Because of the huge scale of the failure, the World Trade Center has now entered into history. It is estimated that 1.4 million m 2of space have been destroyed. The nature of the progressive collapse that occurred there is shocking. But there is a genuine weakness here in almost all buildings, even though failure of this sort is almost uniquely dangerous in its extent in high-rise structures.
The direct cause of the collapse at the World Trade Center was not the impact of the aircraft.
Most large, multi-storey buildings are well able to accept dynamic loads - even from large aircraft - without this necessarily causing an immediate, general collapse. The trigger for catastrophe was the eventual failure of the columns that remained around the burning aircraft. But the ultimate cause was the crude effect of the weight of the building itself: debris crashing through each floor in turn; the load of this debris increasing as each floor was breached.
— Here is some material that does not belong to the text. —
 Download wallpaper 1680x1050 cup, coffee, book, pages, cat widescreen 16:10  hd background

While the columns in the building, collectively, are designed to resist the weight of everything above them, the floors are not. It would be possible to provide specially strengthened floors, although this is not likely to be an economic option.
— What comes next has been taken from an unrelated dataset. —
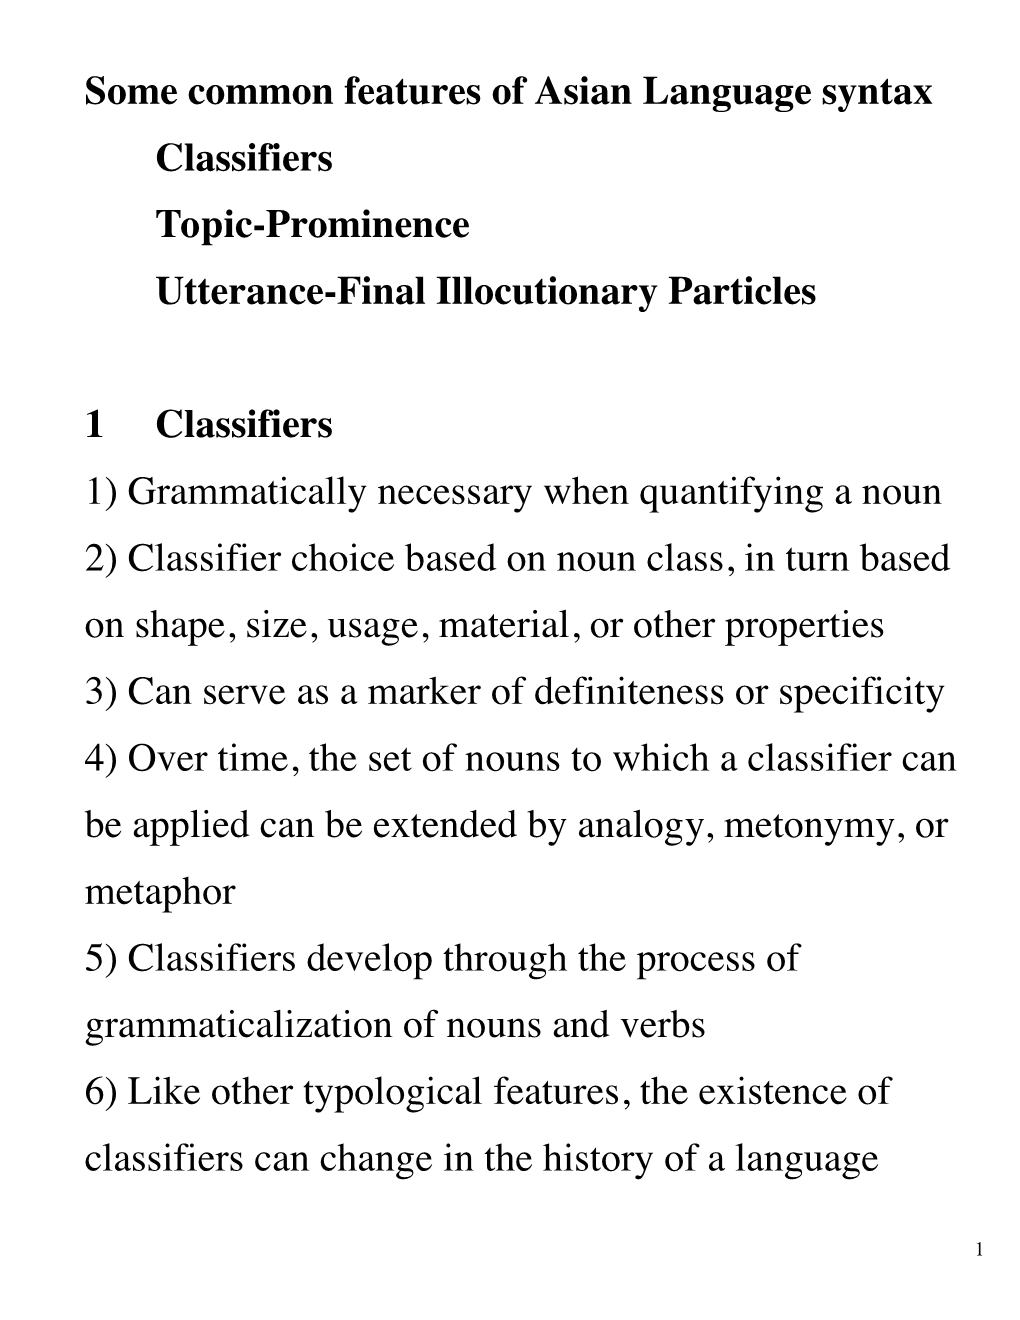 Some Common Features of Asian Language Syntax Classifiers Topic-Prominence Utterance-Final Illocutionary Particles 1 Classifiers

The way forward still seems to be in preventing progressive collapse from developing but, if it does, limiting its extent on plan. It is a fact that the columns remained standing after the initial impact, for 60 and 100 minutes respectively. This was in spite of supporting weights and fire loads immeasurably higher than those assumed.
Even so, these times would be sufficient in most lower-rise buildings to allow everyone to get out. It is regrettable that the emergency services were unable to seek advice from a structural engineer, who would, undoubtedly, have warned of the dangers of progressive collapse, overriding the temptation to carry on the rescue.
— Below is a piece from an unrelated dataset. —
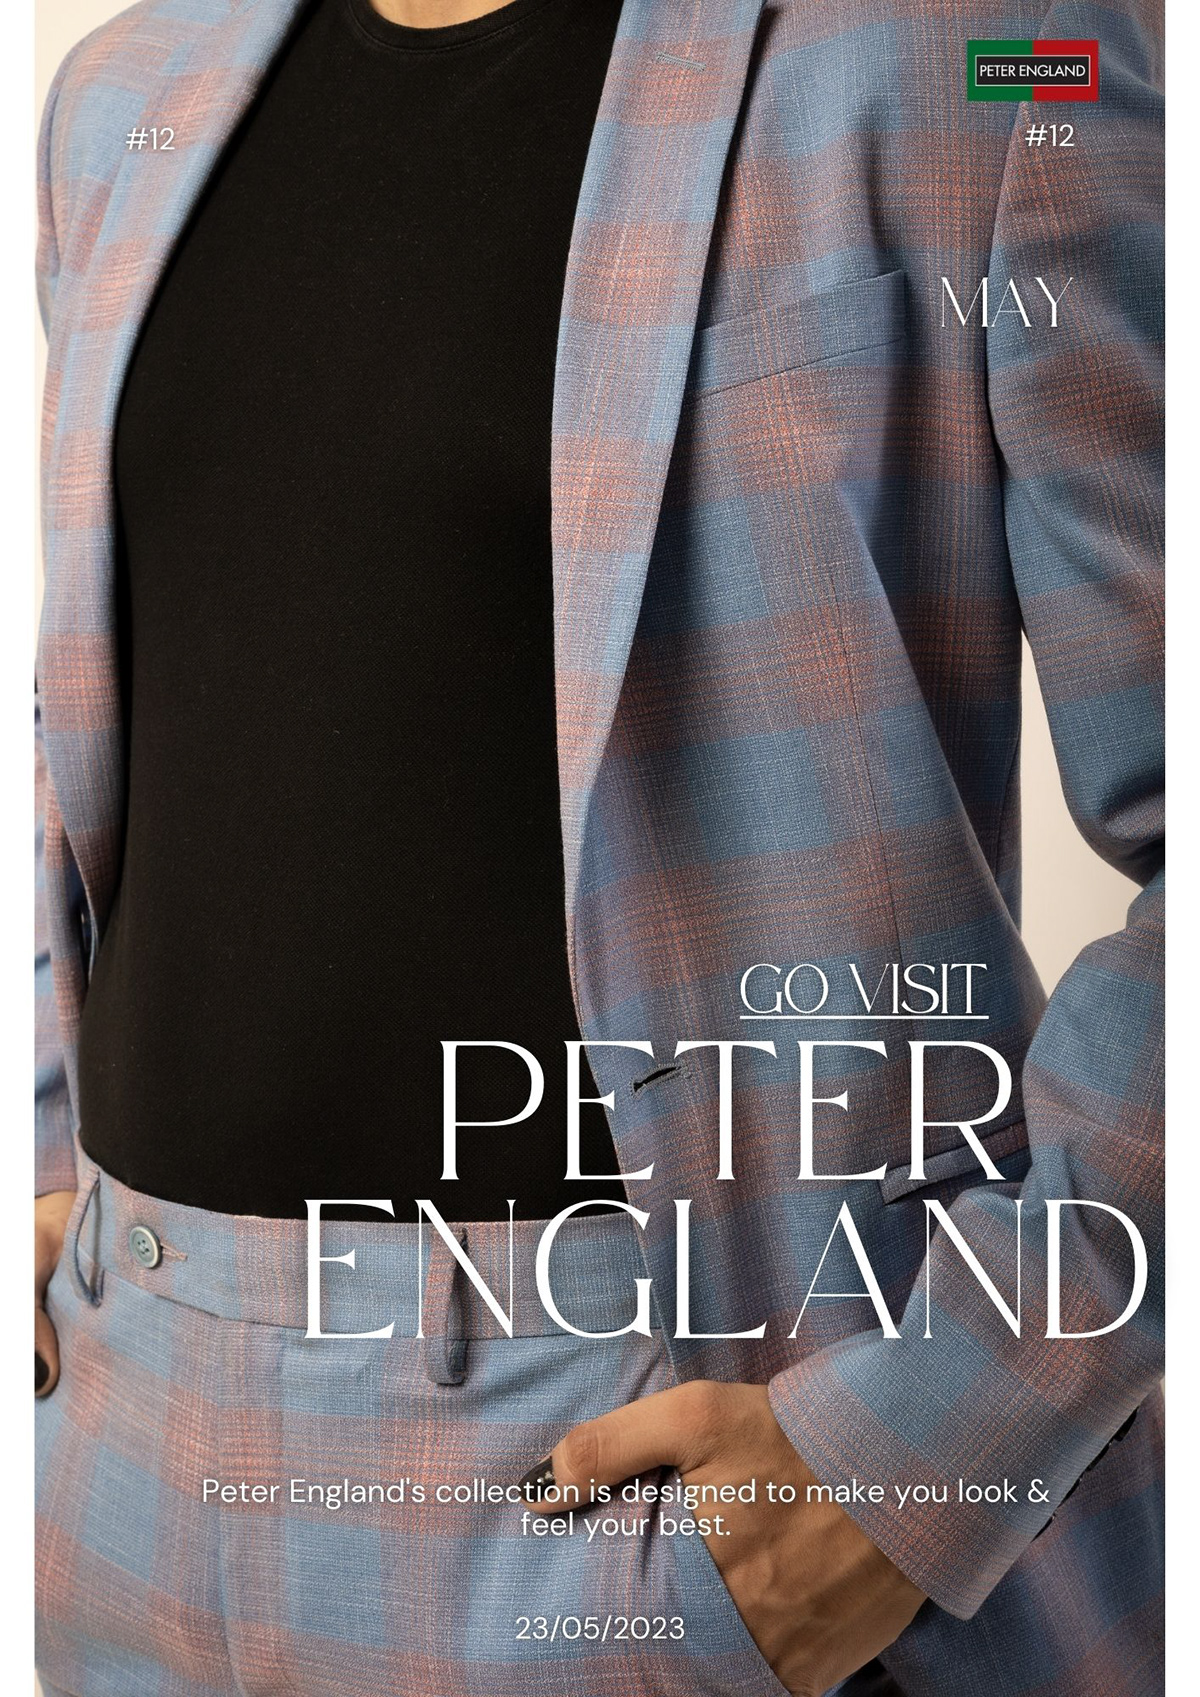 campaign brand identity Advertising  Peter england

In principle, maximum safety is obtained by increasing the number of columns, spreading them over the plan area as far as possible and increasing their energyabsorption, ductility, strength and fire resistance.
Usually, this increases the chances of floor areas being left standing after damage is sustained, and allows for better redistribution of loads. The theoretical argument for increasing column provision is good, as columns only occupy about four per cent of the volume of each floor.
Attention also has to focus on the types of columns used. Almost all the codes of practice about building design relate to static loads, but dynamic loads are different. A column type with an exceptionally good combination of properties is the concrete-filled steel tube. This really is more than the sum of its parts and gives dogged resistance under dynamic and fire loading.
It is quite possible that the eventual collapse of the World Trade Center towers could have been delayed further by forms of construction specially adapted to the control of damage; this may have allowed more people to escape. Certainly, it seems important to limit the risk of large-scale damage to buildings but, as usual, the issue will have to centre on costs and all the imponderables of the public's attitude to personal risk. As elsewhere, some risks will always have to be accepted.